Katy Kenny, back home in Emsworth after completing 13 weeks of boot camp, learned yesterday that her hero was dead -- killed in a roadside bombing in Iraq.

Cpl. Kenny, 20, and three other Marines died Thursday when the explosion tore through their Humvee in Karmah, about 40 miles west of Baghdad.

Three Marines in green uniforms banged on the Kenny family's front door at 1:23 a.m. yesterday to break the news. Chuck Kenny said he knew as soon as he opened the door that his only son was dead.

"Now the family name won't go on. That's it," Chuck Kenny said yesterday afternoon between hugs with friends and family members who streamed into his home.

Katy Kenny, 19, had spent the week in Pittsburgh-area high schools, recruiting young women for the Marine Corps. But yesterday, she said, all she could think about was being brave for her father and her mother, Tricia. Cpl. Kenny would have expected that of her.

"I looked up to my brother," said Ms. Kenny, who became a Marine private after completing boot camp in Parris Island, S.C., on Sept. 23. "In high school, I became the water girl for the football team because he was a football player."

Cpl.

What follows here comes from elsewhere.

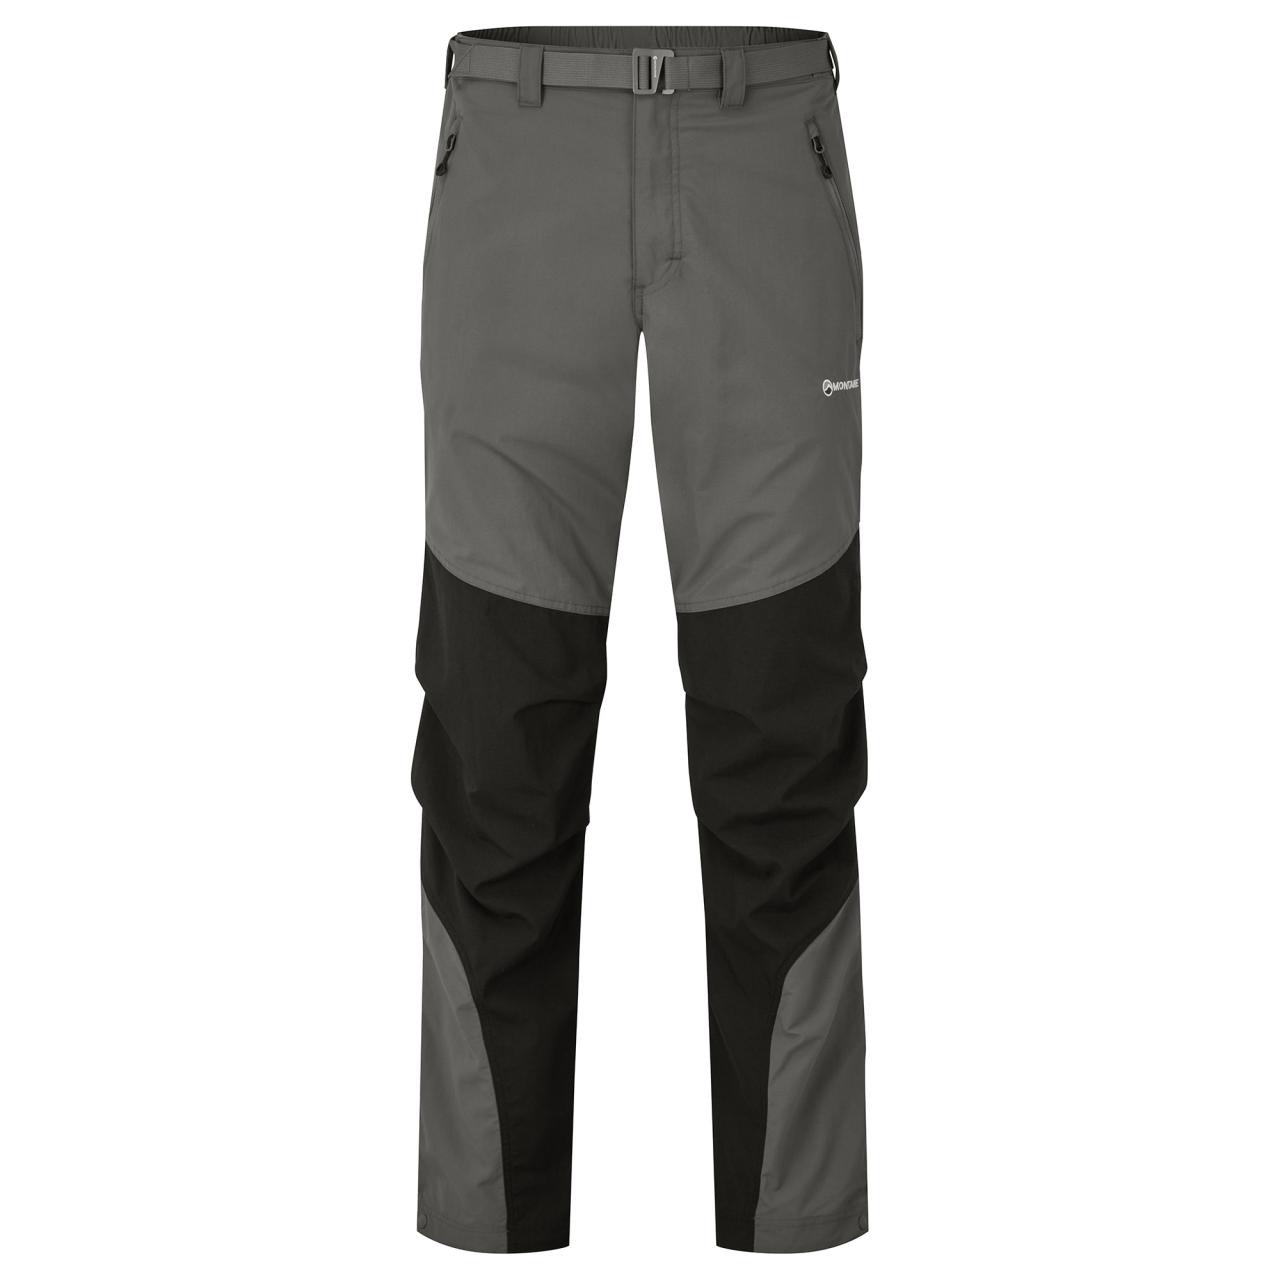 TERRA PANTS REG LEG-GRAPHITE-30/S pánské kalhoty šedé

Kenny started at tackle for three years at Avonworth High School, where flags flew at half staff yesterday in his honor. The team captain as a senior, he made a lasting impression by showing interest in players nobody else seemed to notice

Tyler Frew, a freshman when Cpl. Kenny was a senior, said he broke down and cried behind the bleachers after his first grueling practice. In a two-page letter delivered yesterday to the Kenny family, Tyler remembered how Cpl. Kenny sought him out and reassured him, telling him the practice had not been so bad and that he could make it if he tried.

Tyler said he never forgot those words of encouragement, or the fact that the bruising 230-pound senior tackle had cared enough to worry about the feelings of a timid freshman.

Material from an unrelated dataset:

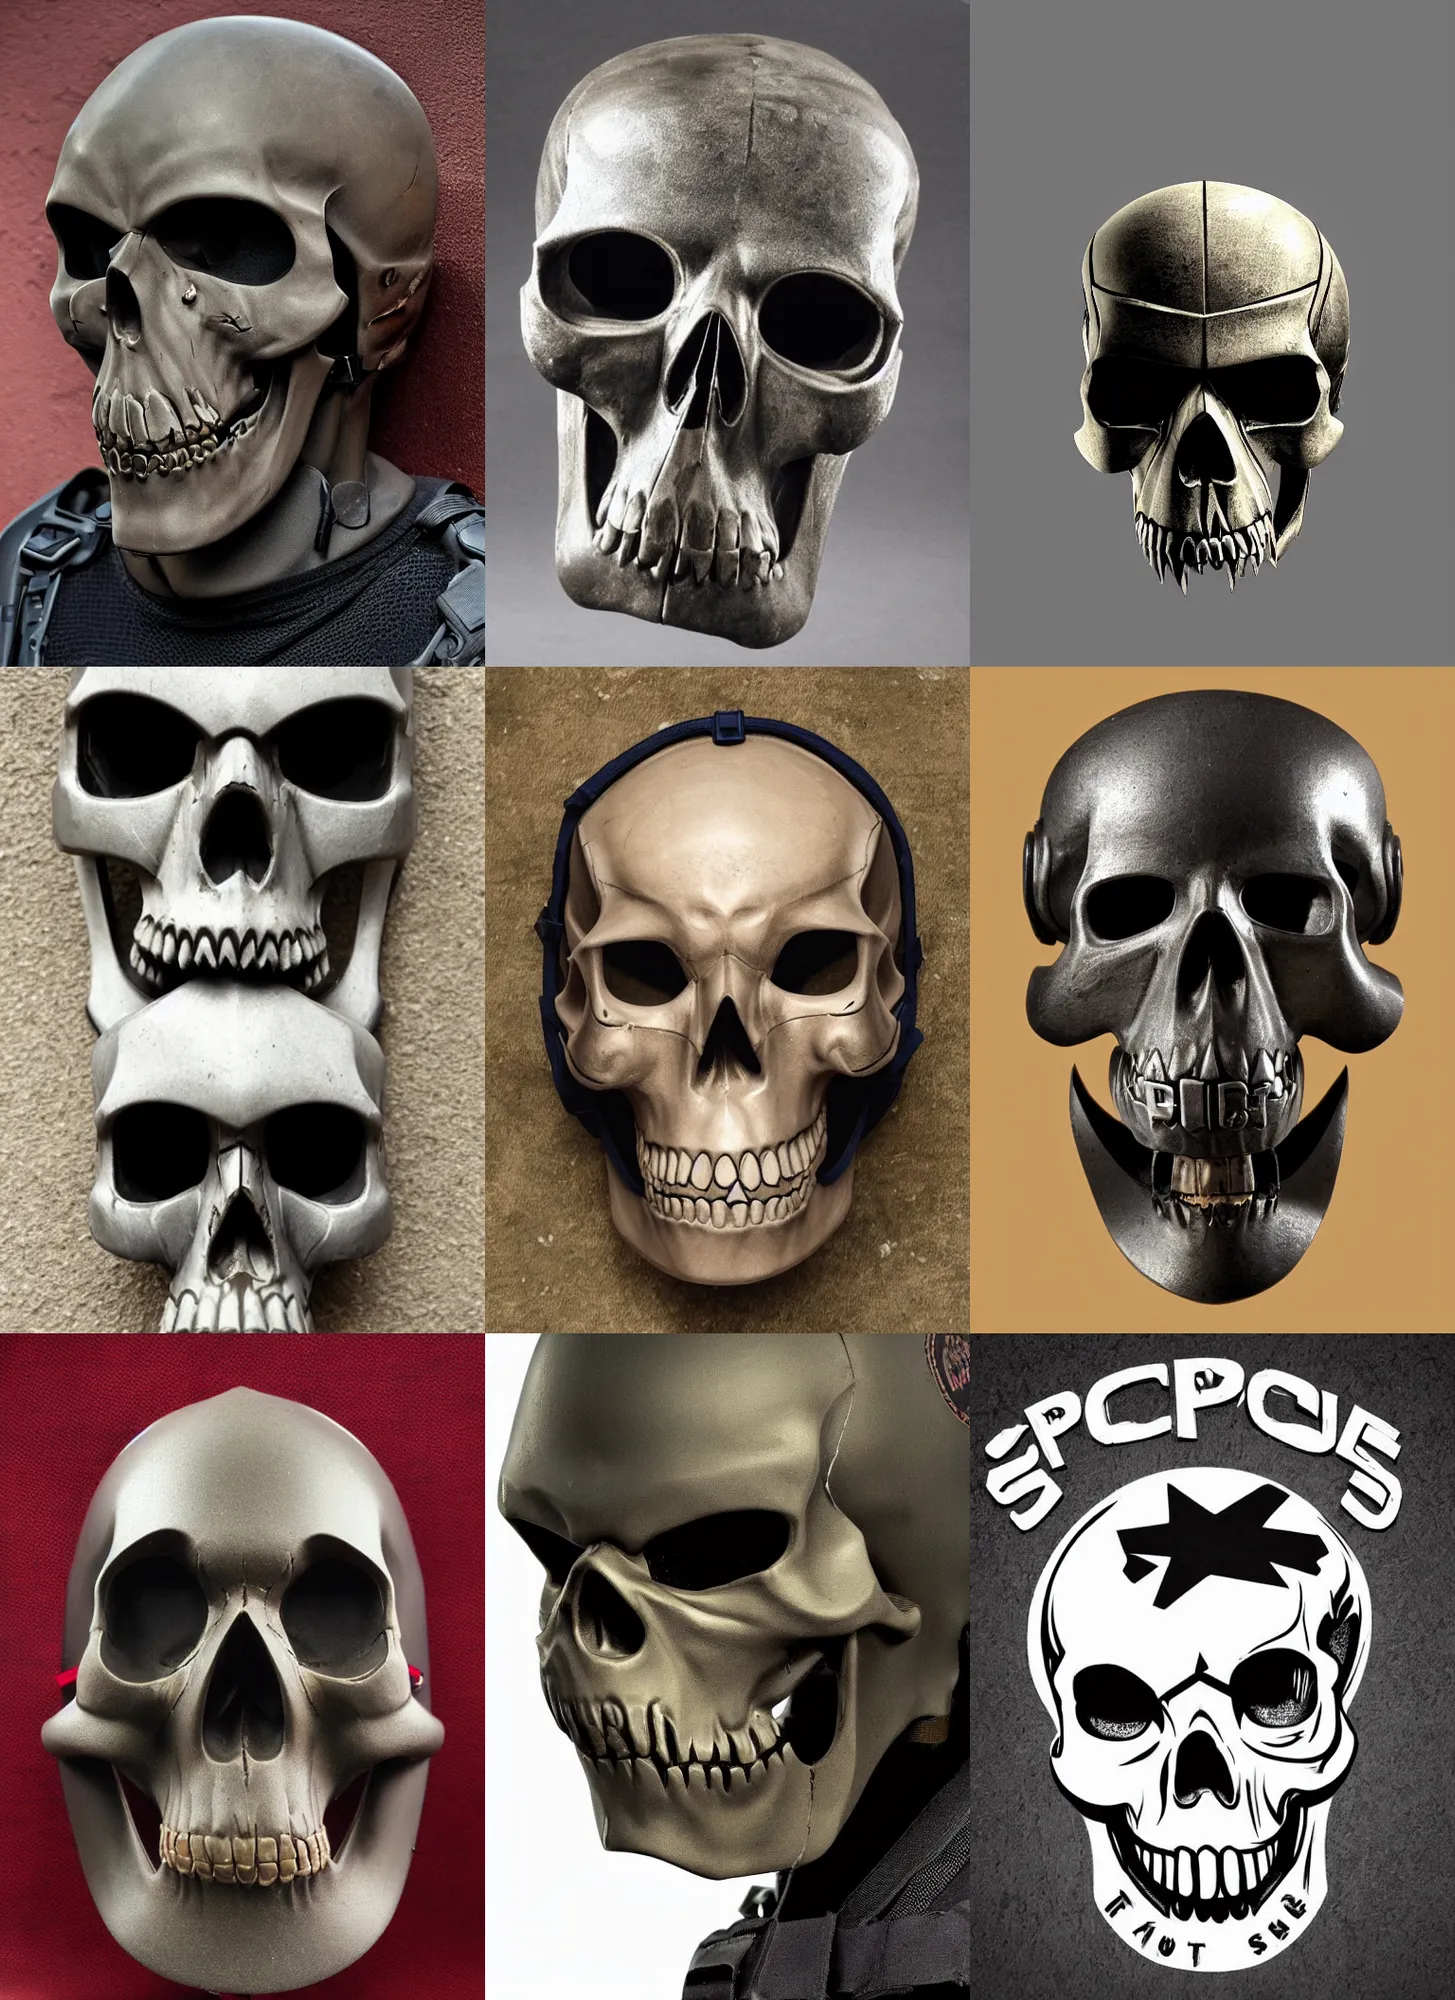 Prompt: spec ops mask, skull - logotype on helmet

"I'm a better person for meeting him," Tyler, now a senior wide receiver and the Avonworth team captain, said in an interview.

Avonworth football coach Jason Kekseo said Cpl. Kenny had the talent to play Division II or III college football but never seriously considered the idea.

"He was a tough kid, very strong, and he had a good work ethic," Coach Kekseo said. "But he was so committed to joining the military that I don't think he ever really thought about college."

Cpl. Kenny graduated from Avonworth High in 2003 but missed the commencement ceremony. School administrators handed him his diploma a few days early so he could leave for Marine boot camp as soon as he finished his last class. He was that gung-ho about becoming an infantryman in wartime.

Katy Kenny said her brother had a lifelong interest in military service. He read about the Civil War with a scholar's passion and loved GI Joe action figures. He became so obsessive about the military that he even wore GI Joe briefs, relatives said.

Cpl. Kenny was in his second tour in Iraq. The first brought him to the city of Fallujah, not far from the spot where he died. Though he worked in war zones where bombings and death are common, Cpl. Kenny told his family not to worry about him.

"He always told my mom he would come home and find a wife, and they would give her pretty grandchildren," Katy Kenny said. "That's all he really wanted."

Cpl. Kenny's body was still in Iraq yesterday, so funeral arrangements had not been made. In addition to his parents and Katy, he is survived by two other sisters, Molly, 21, and Maggie, 23.

Chuck Kenny said he supported both his son and daughter when they decided to join the Marines. But now, he said, he must insist that Katy serve her country some place besides a war zone.

"I told her she ain't goin' to Iraq," Mr. Kenny said.